The stand crossed 300 at lunch the next day and now Mankad had overtaken his partner. The world record of Hutton and Washbrook was passed with ease and by the time the 400-run mark had been reached Mankad had scored his double ton.
Around this time Umrigar sent a note for the batsmen to go for their shots. Thinking a declaration was imminent, Roy hit out, only to be bowled by off spinner Matt Poore for 173 with the total reading 413. But the Indians batted on, much to Roy's irritation as he felt he had been deprived of a double century.
Mankad eventually fell for 231— it would remain the highest individual Test score by an Indian for 27 years.
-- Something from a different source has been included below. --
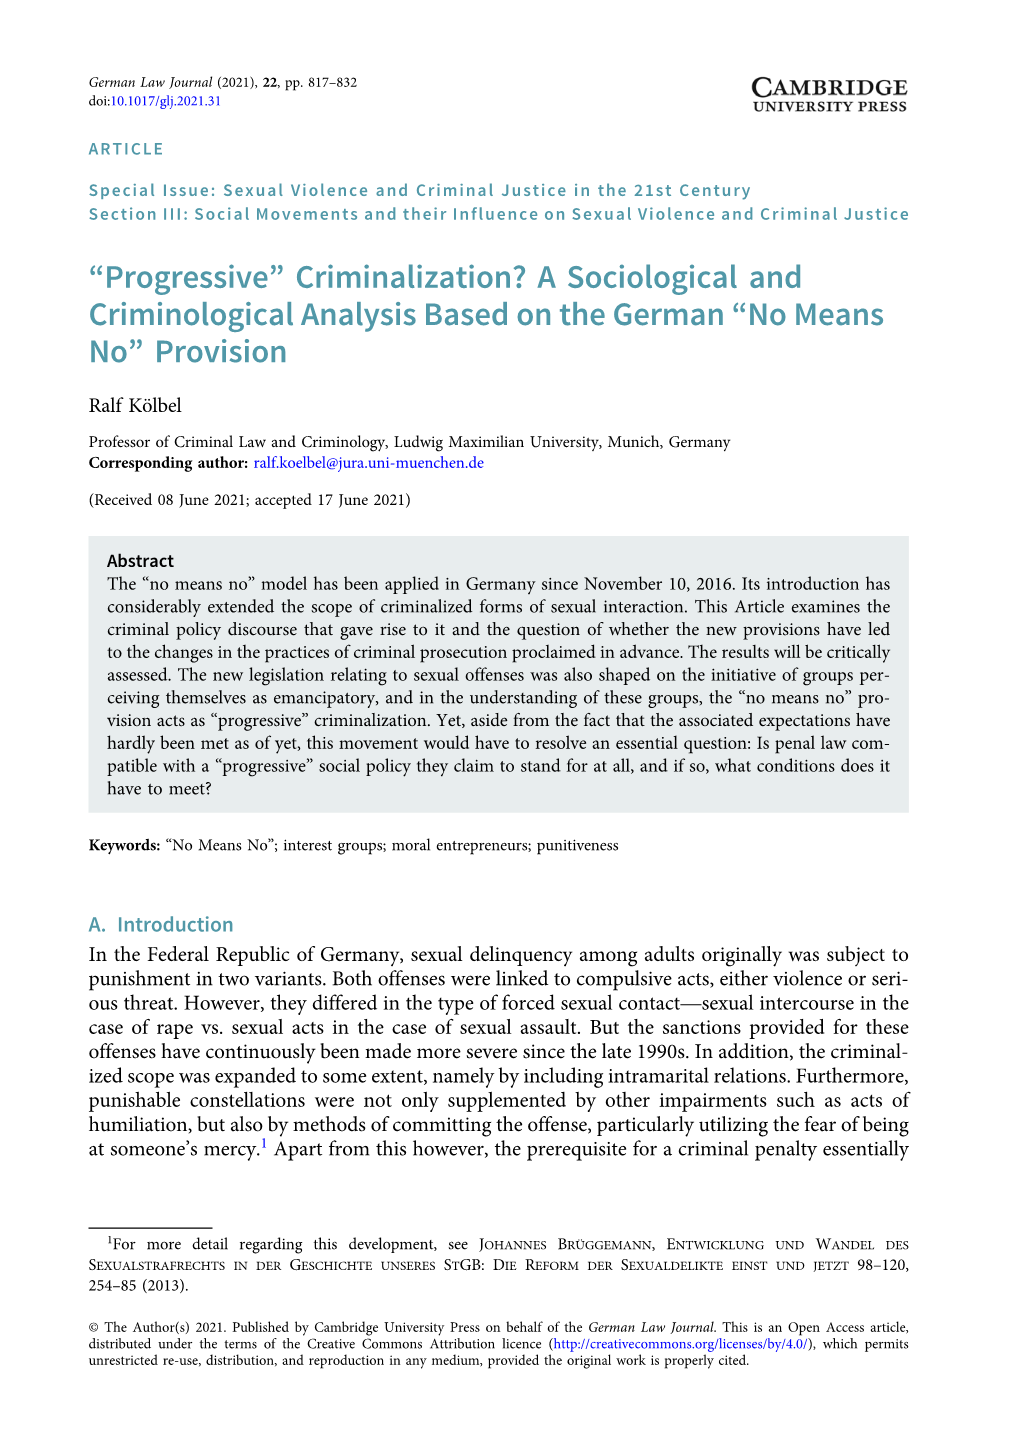 “Progressive” Criminalization? a Sociological and Criminological Analysis Based on the German “No Means No” Provision
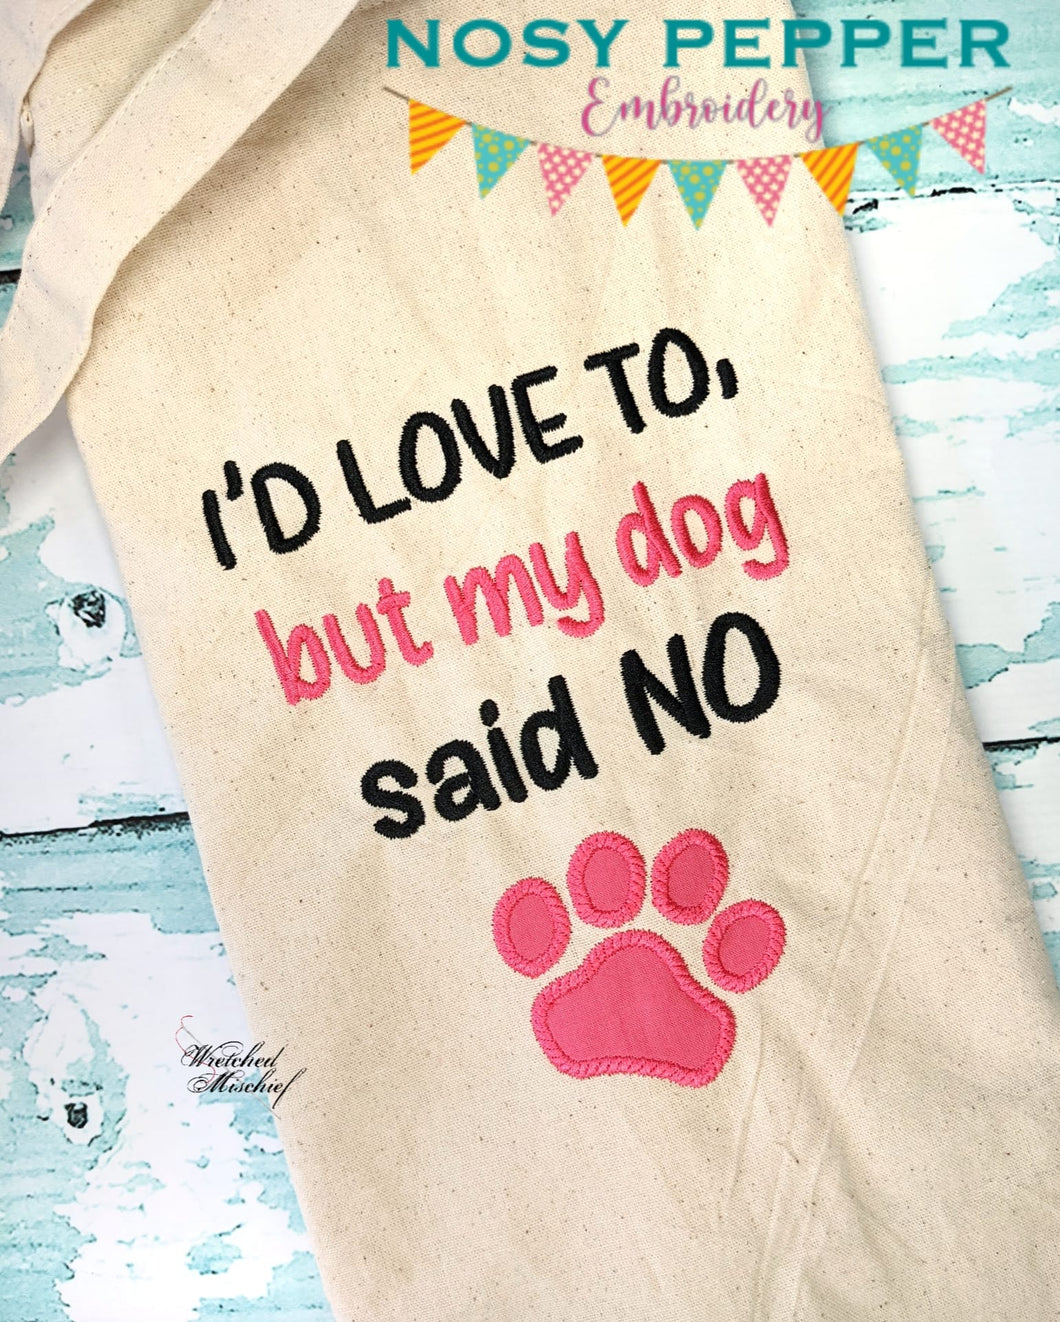 I'd love to but my dog said no applique machine embroidery design (4 sizes included) DIGITAL DOWNLOAD

Umrigar declared at 537 for three at the start of the third day. The Kiwis folded up for 209 and 219.
The record was eventually broken by South African openers Graeme Smith and Neil McKenzie on March 1, 2008. The Proteas pair put on a 415-run stand against Bangladesh in Chittagong. South Africa went on to win the match comfortably by an innings and 205 runs.
The partnership between Mankad and Roy remains one of Indian cricket's most cherished feats and it certainly stood the test of time for almost 52 years before Smith and McKenzie rewrote the record.